(Assigned task):
From the entries below, output the line with "David Herro- Portfolio Manager- Headshot" and each following line up to and including the line with "Ikea Orlando Large", exactly as written.

--- Provided information ---

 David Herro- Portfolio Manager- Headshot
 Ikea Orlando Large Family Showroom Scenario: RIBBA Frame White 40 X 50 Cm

---
--- Provided information ---

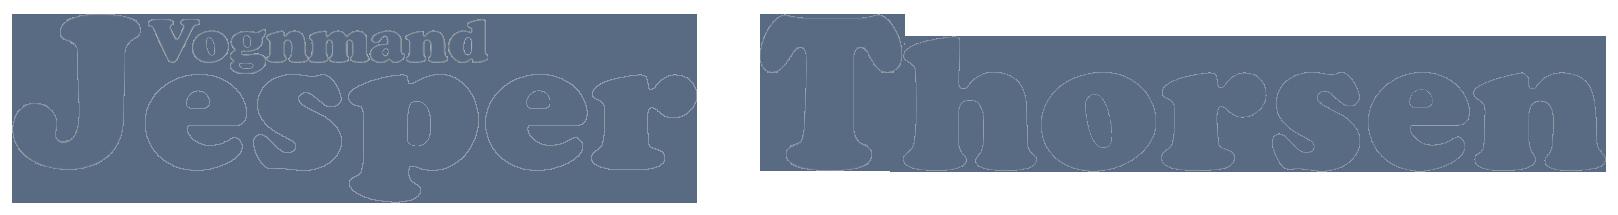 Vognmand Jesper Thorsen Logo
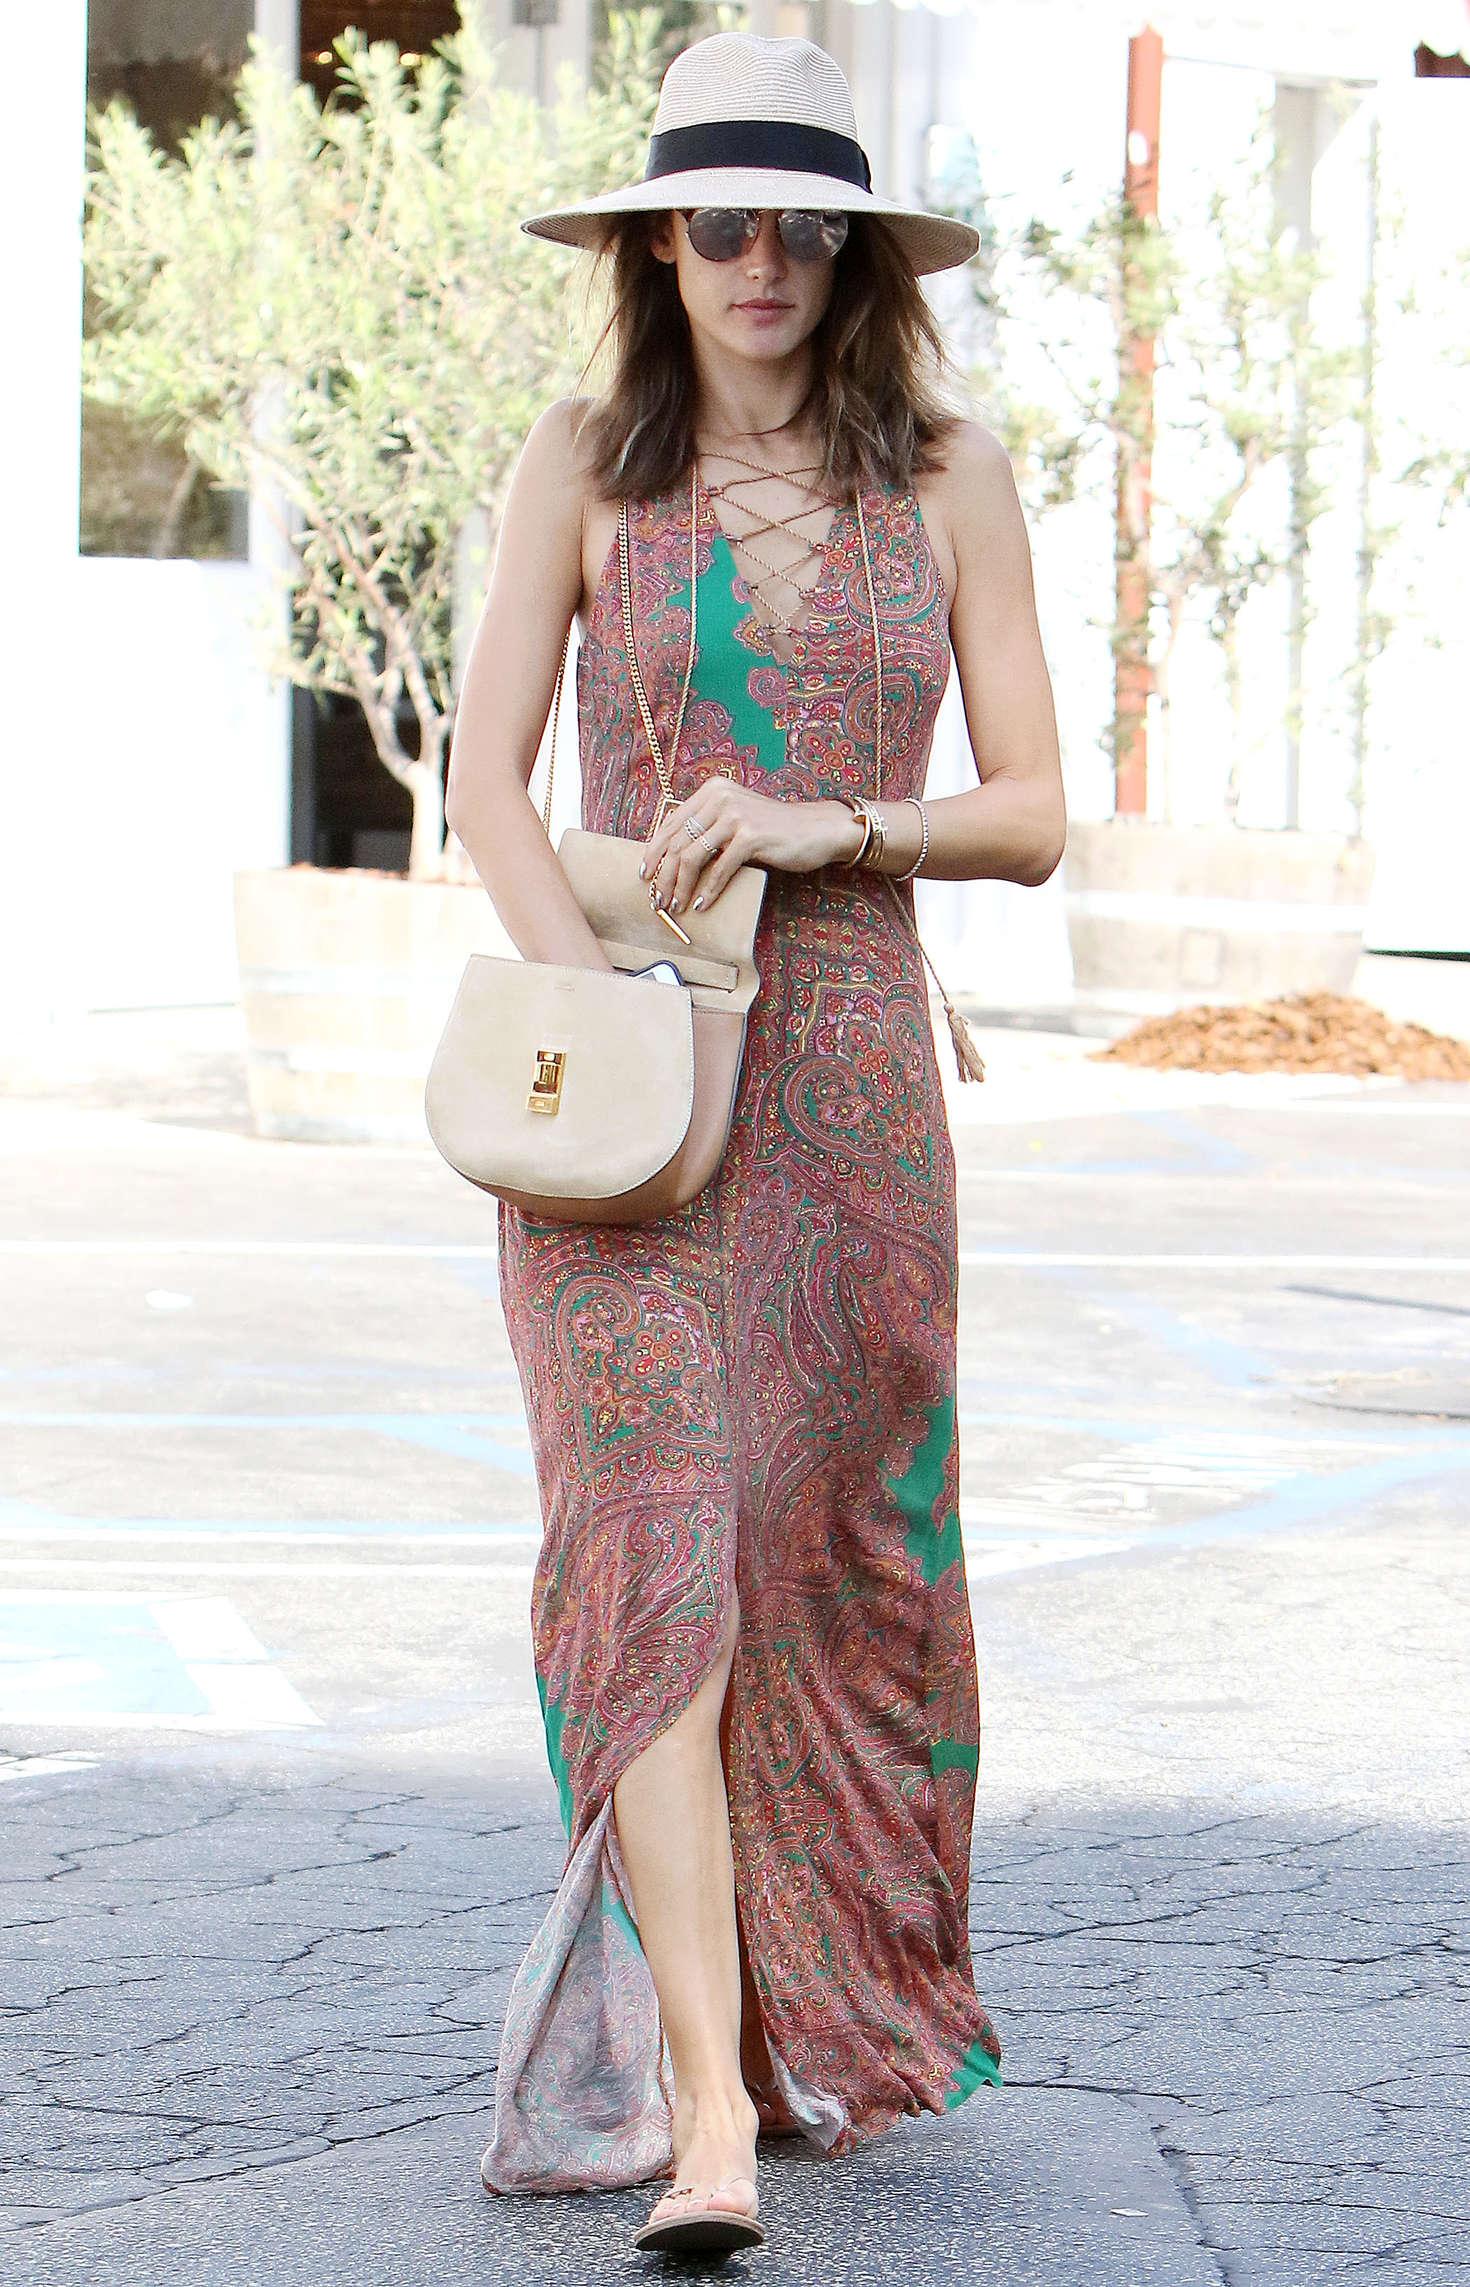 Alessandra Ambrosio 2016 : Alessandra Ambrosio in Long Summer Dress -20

---

(Output for this task):
 David Herro- Portfolio Manager- Headshot
 Ikea Orlando Large Family Showroom Scenario: RIBBA Frame White 40 X 50 Cm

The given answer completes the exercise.